» EXERCISE GOAL
Output all of the data exactly as it appears, but leave out any pictures it contains.

» PROVIDED MATERIAL
※ ※ ※

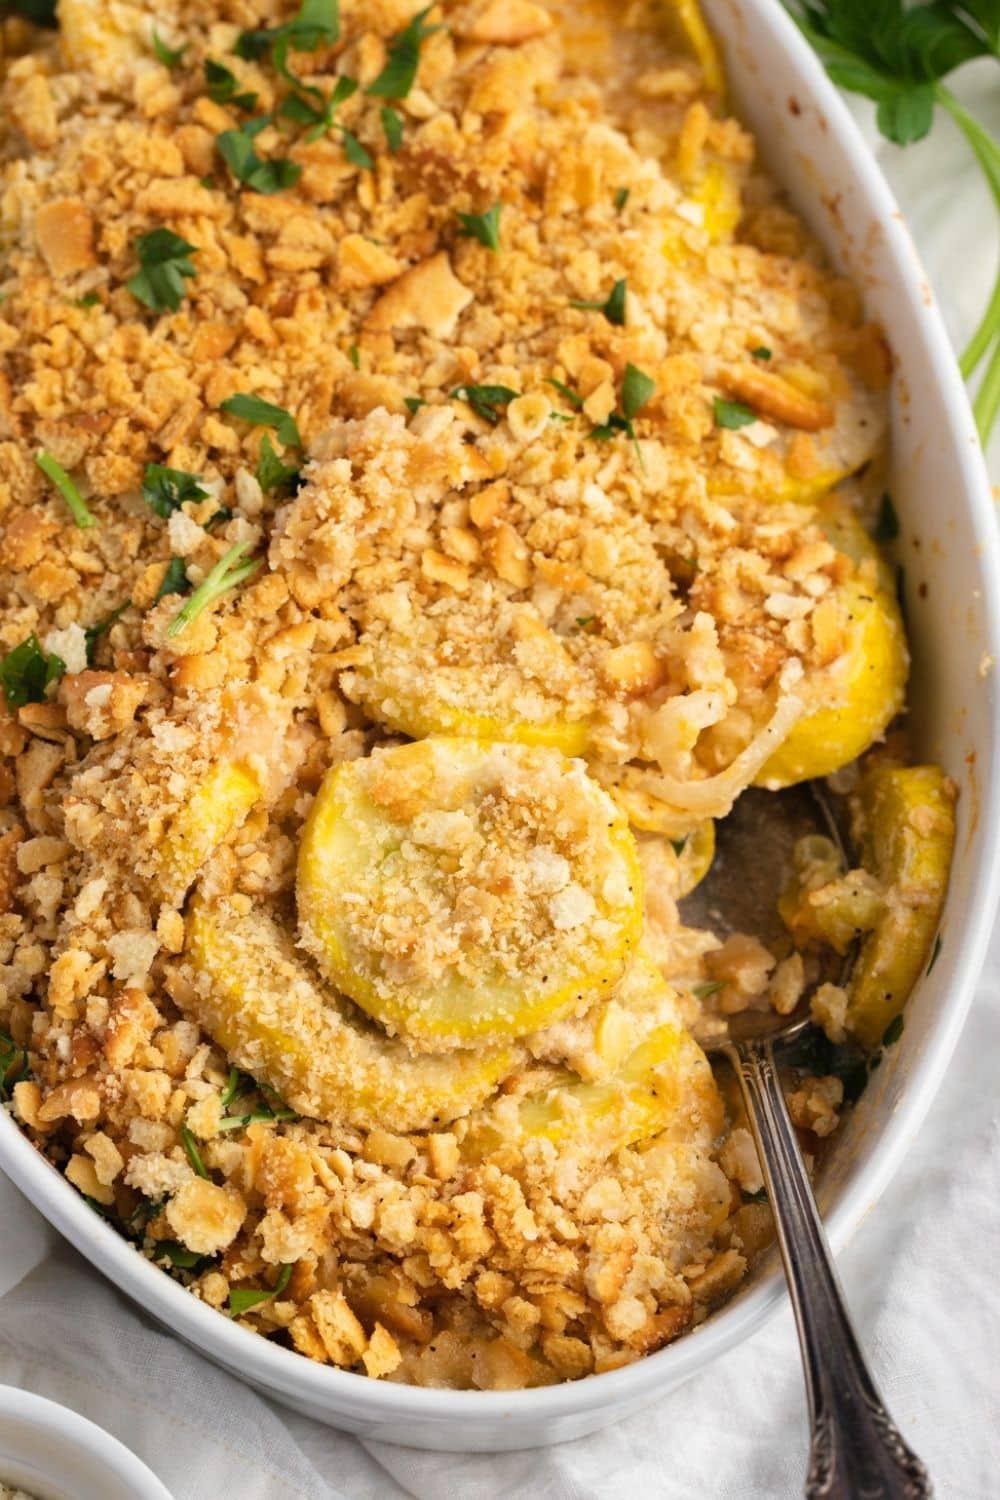 Top View of Paula Deen’s Squash Casserole With Serving Spoon
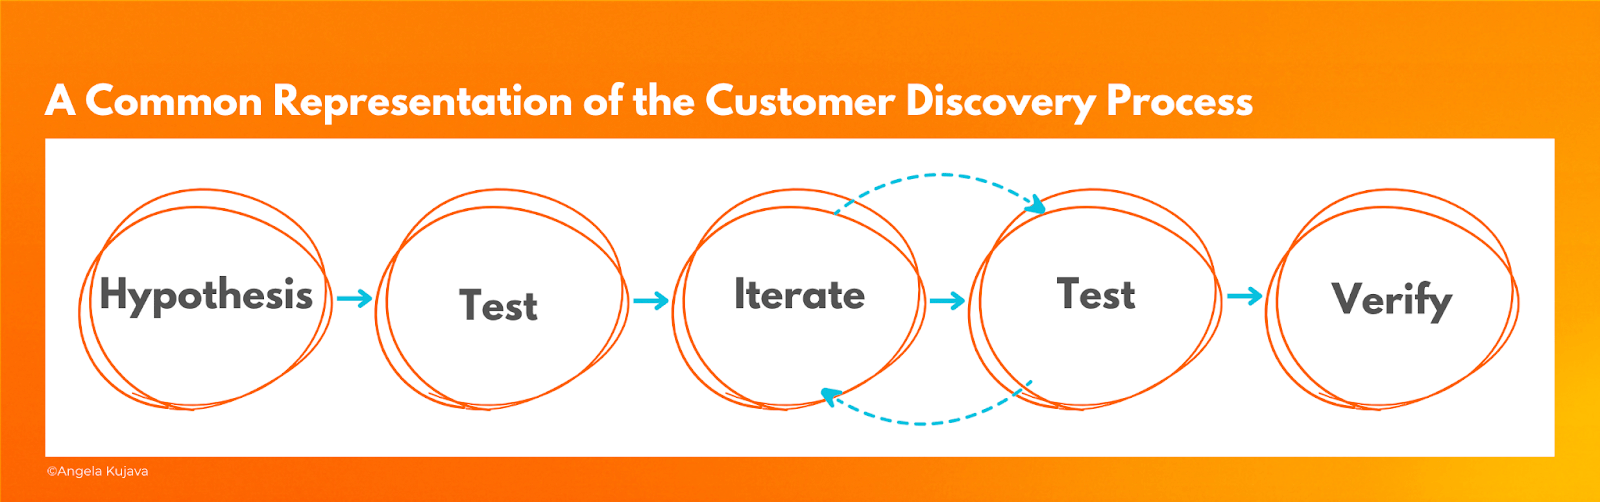 A Common Representation of the Customer Discovery Process
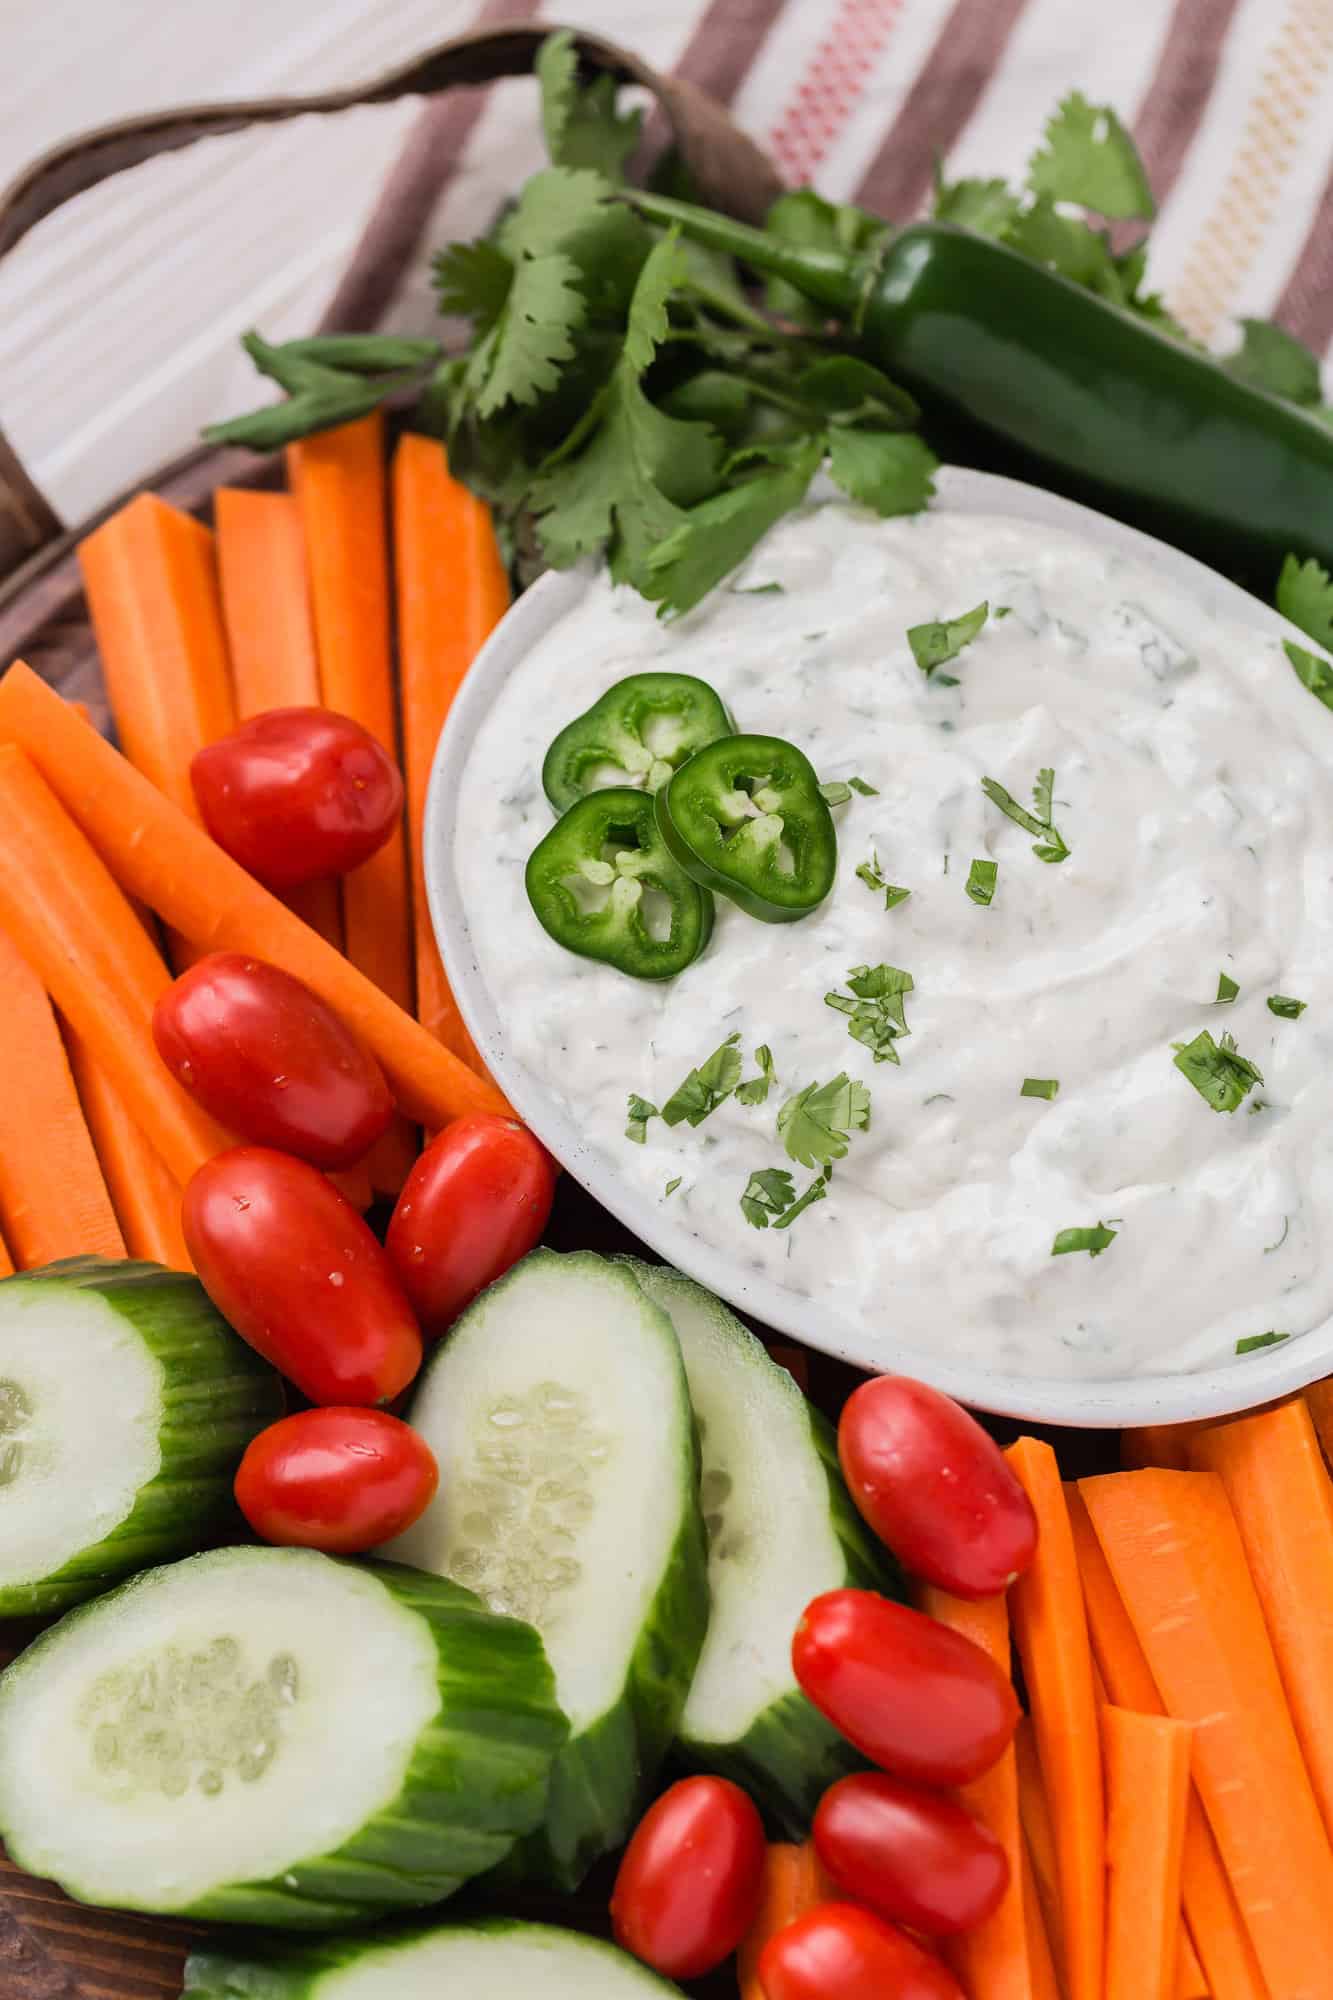 Carrots, cucumbers, tomatoes, and dip.

※ ※ ※

» SOLUTION FOR THIS TASK
 Top View of Paula Deen’s Squash Casserole With Serving Spoon
 A Common Representation of the Customer Discovery Process
 Carrots, cucumbers, tomatoes, and dip.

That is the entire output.